Naira Depreciates To N827.83/$1 At Official Market

Naira Plunges Across Forex Segments Amid Liquidity

The naira again declined against the US dollar at the official market on Thursday, exchanging for N827.83 to one U.S dollar after a slight appreciation on Wednesday which saw the local currency exchanging at N818.99/$1. This is still a slight gain when compared to the N850.22 it recorded on Tuesday. However, the naira closed flat at the parallel forex market where forex is sold unofficially, the exchange rate closed at N1140/$1 as against the same N1140/$1 it quoted on Wednesday, representing 0.00 per cent, while peer-to-peer traders quoted around N1127.01/$1.  The intraday high recorded was N1100/$1, while the intraday low was N751.00/$1, representing a wide spread of N348.78/$1. Similarly, the naira also fell to the Euro, exchanging at N1,175/€1 at the parallel market, while it goes for N898.44/€1 at the official market. Also the pound sterling goes for N1,370 and N1029.7441 at the parallel and official market respectively. According to data obtained from the official NAFEM window, forex turnover at the close of the trading on Wednesday was $173.51 million, representing a 20.87 per cent increase compared to the previous day.  The local currency struggle at the foreign exchange market is coming on the heels of rising inflation in the country which saw the inflation rate jump to 27.33 per cent in October 2023 as prices of foodstuff continued to increase in the aftermath of the removal of fuel subsidy by the President Bola Tinubu administration. This was according to the October 2023 Consumer Price Index (CPI) and Inflation Report released by the National Bureau of Statistics (NBS) on Wednesday.

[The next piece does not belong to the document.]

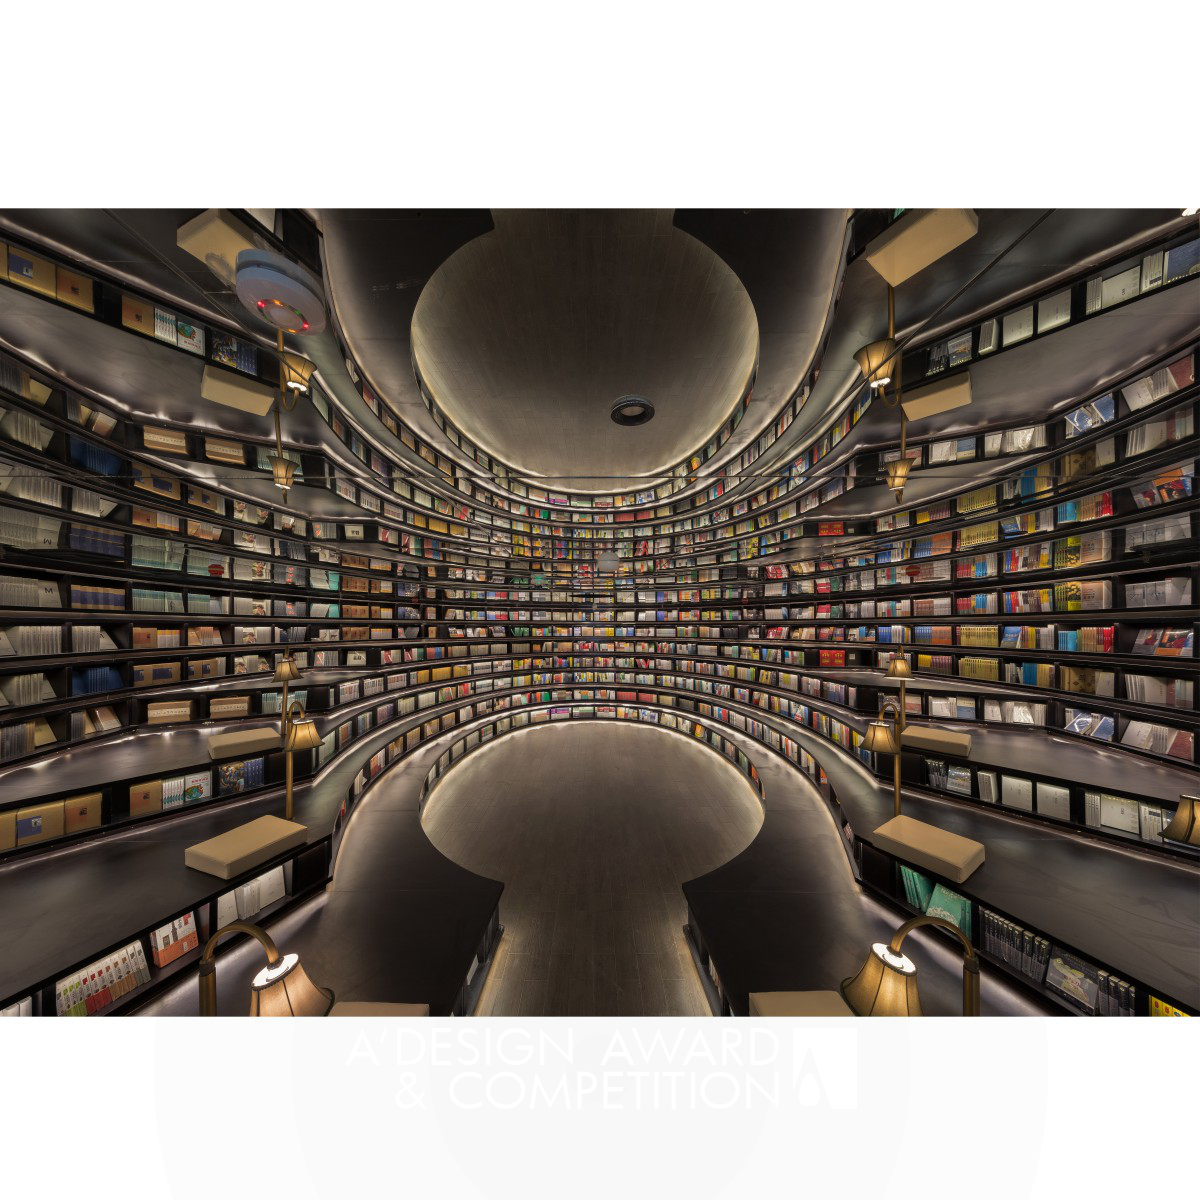 Hangzhou Zhongshuge Bookstore by Wenqiang Han

The CPI, which measures the changes in the prices of goods and services, rose from 26.72 per cent to 27.33 per cent showing an increase of 0.61 per cent points. “In October 2023, the headline inflation rate increased to 27.33 per cent relative to the September 2023 headline inflation rate which was 26.72 per cent,” the report partly read. “Looking at the movement, the October 2023 headline inflation rate showed an increase of 0.61 per cent points when compared to the September 2023 headline inflation rate. “Furthermore, on a year-on-year basis, the headline inflation rate was 6.24 per cent points higher compared to the rate recorded in October 2022, which was (21.09 per cent). “This shows that the headline inflation rate (year-on-year basis) increased in October 2023 when compared to the same month in the preceding year (October 2022).”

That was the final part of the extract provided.